Web Services Resource Framework (WSRF): An application of web service technology to realise access to and management of statefull resources.

CML (Chemical Markup Language): Domain specific implementation based strictly on XML. It uses XML’s portability to help developers and chemists design interoperable documents.

General Atomic and Molecular Electronic Structure System (GAMESS): A general ab initio quantum chemistry package.

Job Submission Description Language (JSDL): An extensible XML specification for the description of simple tasks to non-interactive computer execution systems. It describes the submission aspects of a job, and does not attempt to describe the state of running or historic jobs.

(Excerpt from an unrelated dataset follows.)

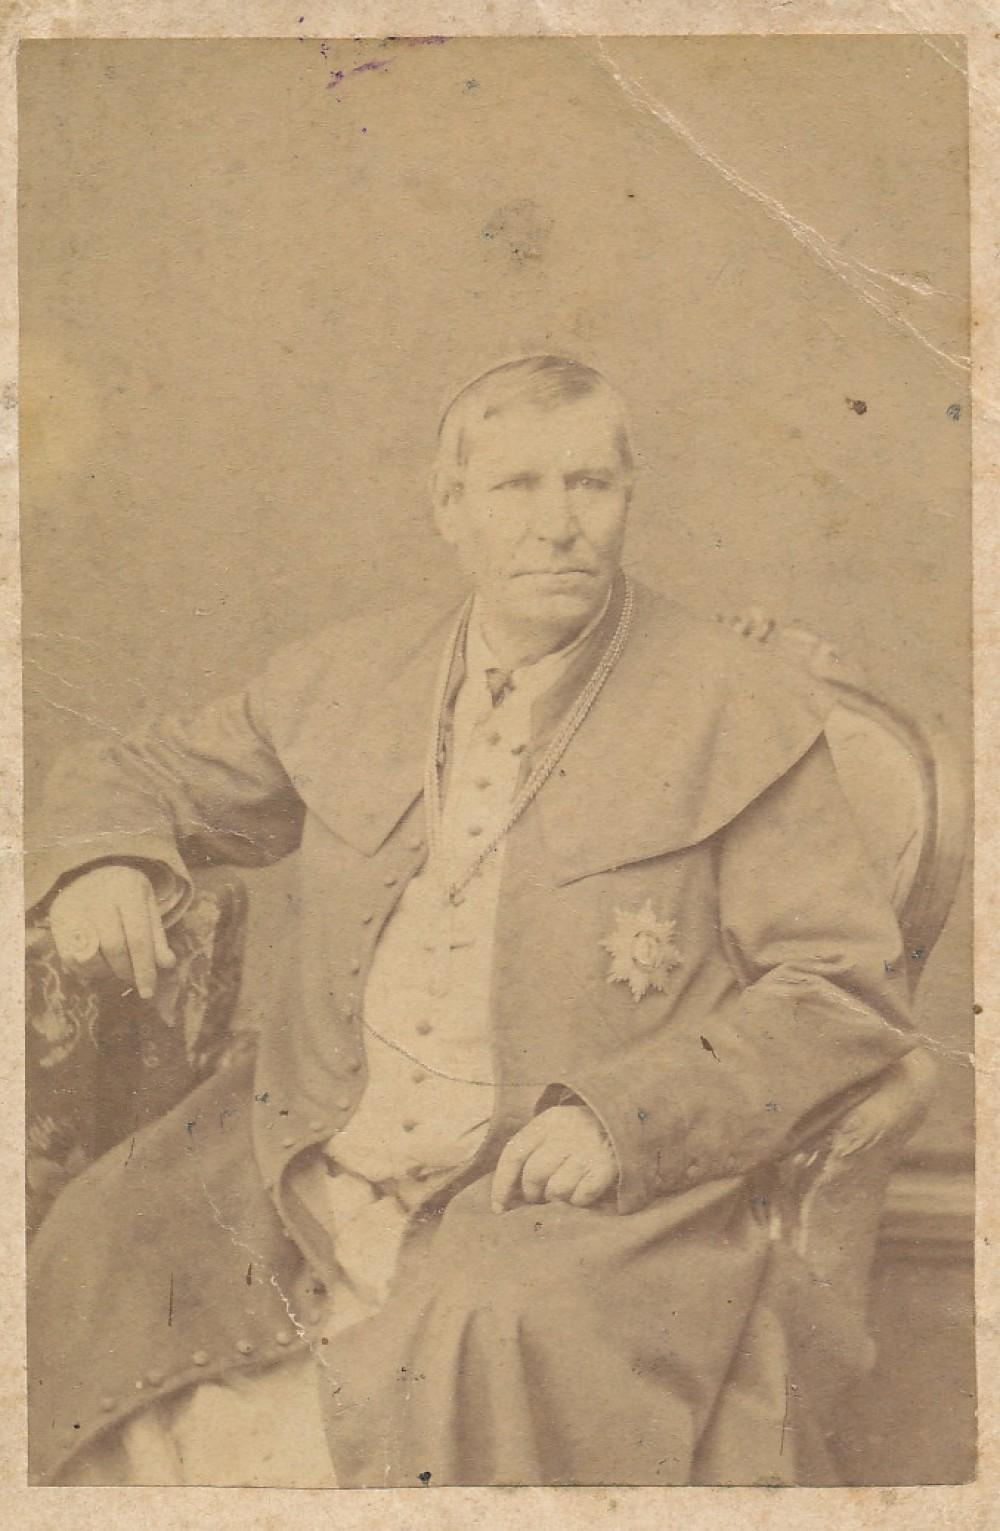 Žemaičių vyskupas Motiejus Valančius. 1868 m.
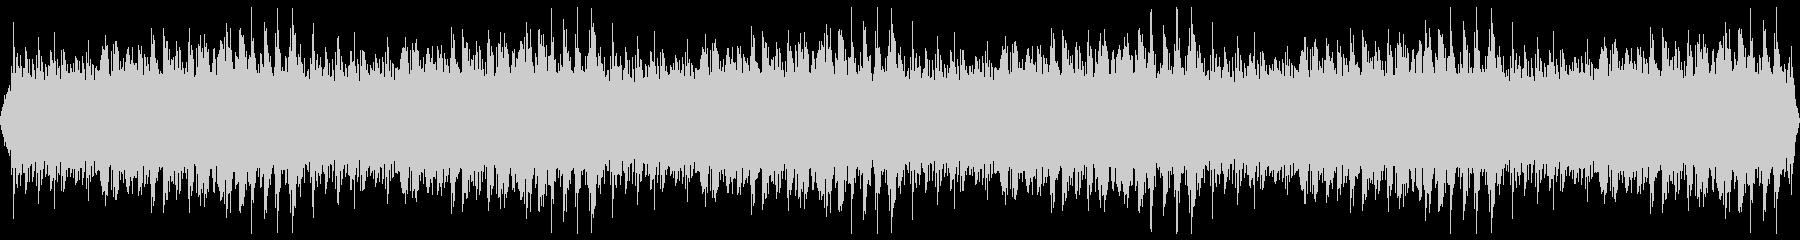 穏やかに折り重なるピアノのフレーズの未再生の波形

Storage Resource Broker (SRB): A client-server middleware that provides a uniform interface for connecting to heterogeneous data resources over a network and accessing replicated data sets.

UNICORE (UNiform Interface to the COmputational REsources): Grid system including client and server software. UNICORE makes distributed computing and data resources available in a seamless and secure way in the internet.

REACH (Registration, Evaluation, Authorisation and Restriction of Chemical substances): European Community Regulation on chemicals and their safe use (EC 1907/2006). The aim of REACH is to improve the protection of human health and the environment through the better and earlier identification of the intrinsic properties of chemical substances.

Open Grid Services Architecture (OGSA): An architecture for a service-oriented grid computing environment. OGSA is based on several other Web service technologies but it aims to be largely agnostic in relation to the transport-level handling of data.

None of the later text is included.